Se rumoraba que había intentado suicidarse varias veces, pero cuando vi su semblante directamente, llegué a la conclusión de que lo que la gente decía no se quedaría sólo en rumor. Él y su anciana madre, que sufría fuertes dolores por la artritis, sobrevivían gracias al arroz y a un apoyo económico que les suministraba el Ayuntamiento del barrio. Cuando unos voluntarios y yo fuimos a la casa, bañamos a la anciana, que no se movía, sirviéndonos de las instalaciones móviles de aseo; limpiamos la casa y les dimos cierta cantidad de arroz y de harina, pero a ninguno le quedaron ganas de visitarlos de nuevo debido a que les daba mucho miedo encontrarse con el leñador.

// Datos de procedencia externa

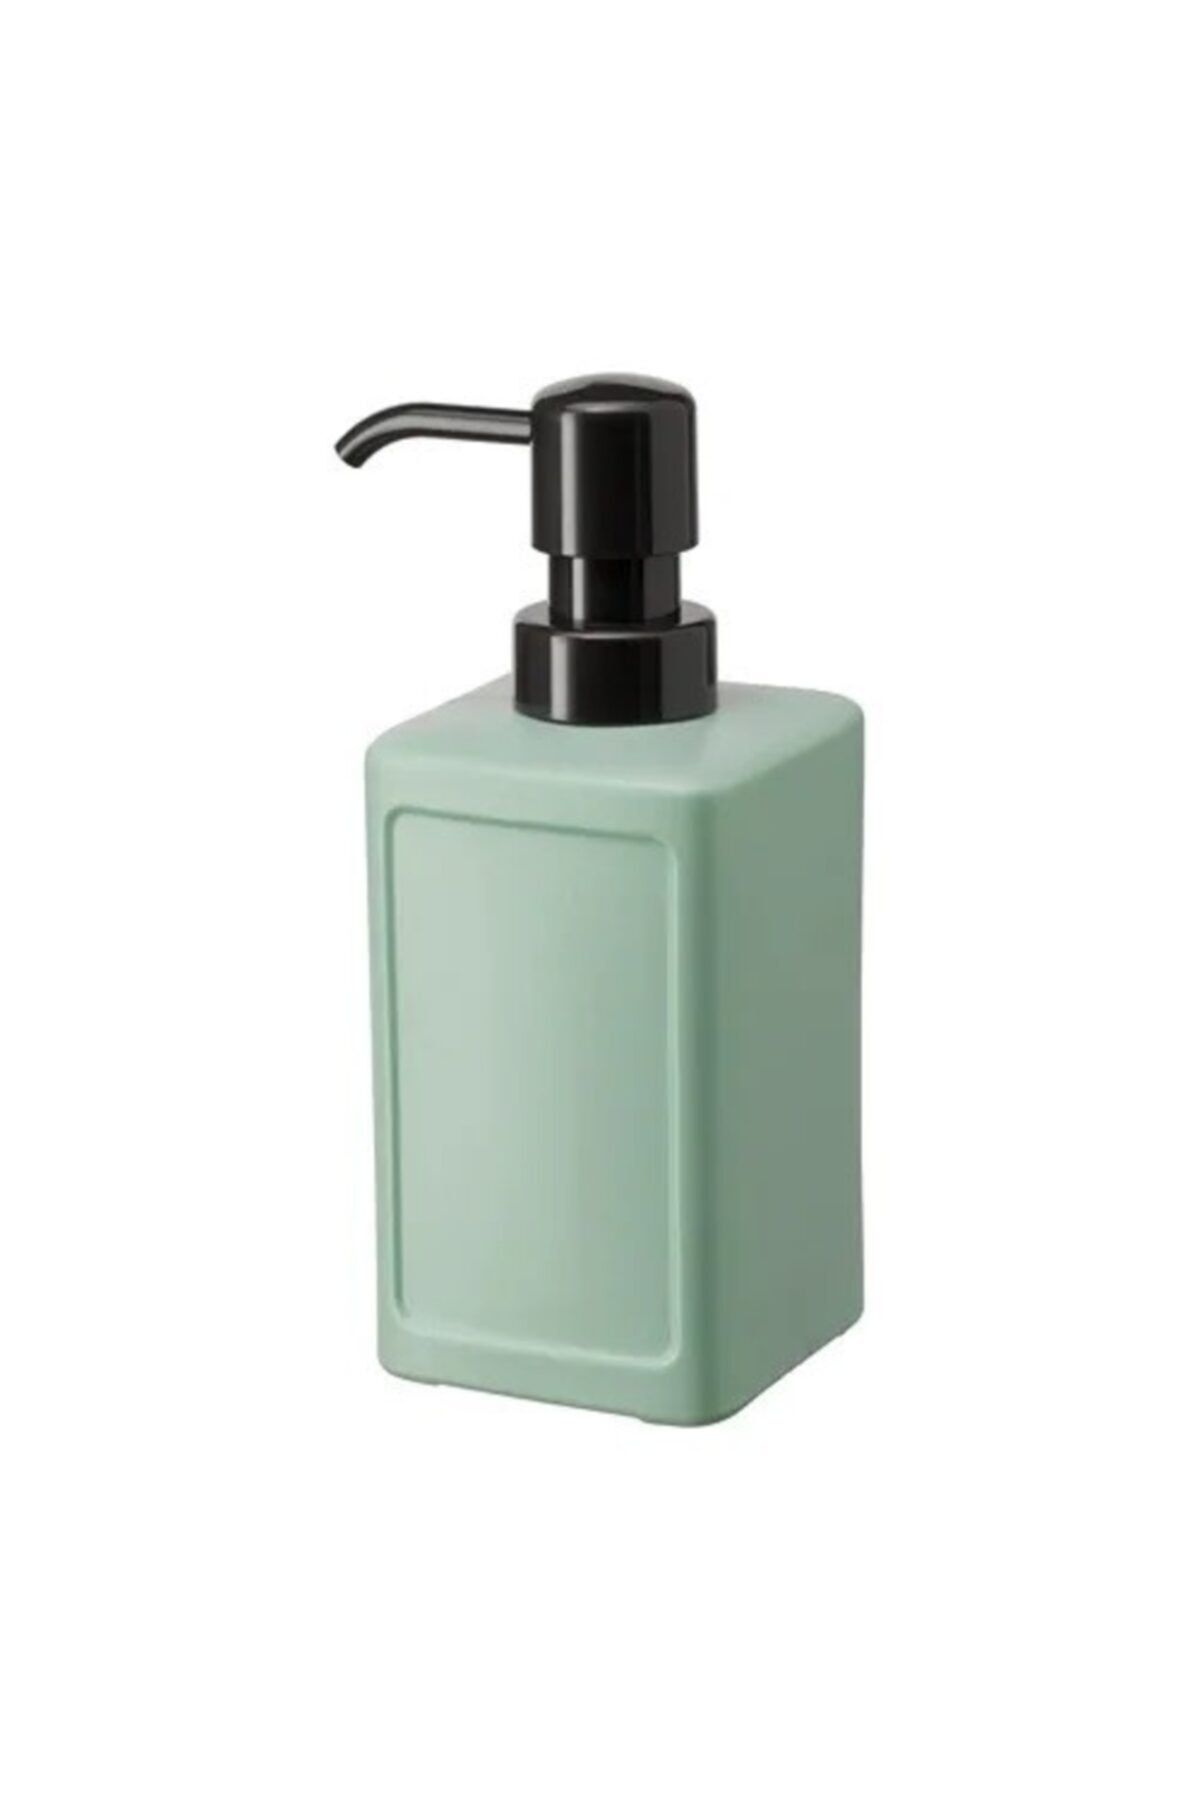 BARBUN Rınnıg Sıvı Sabunluk - Plastik - Yeşil

Acudía a verlos regularmente una vez a la semana. El dueño del restaurante que ofrecía el servicio conmigo fue reduciendo las visitas poco a poco hasta que, finalmente, ya no encontró razón para empeñarse en hacerlas. A mí, sin embargo, no me molestaba ayudar al leñador quemado por el incendio ni a la anciana de difícil movilidad. En aquellos tiempos me hacía falta, más bien, tener un trabajo al que pudiera dedicarme, porque esperaba cansarme hasta olvidar a Chong Sukyu.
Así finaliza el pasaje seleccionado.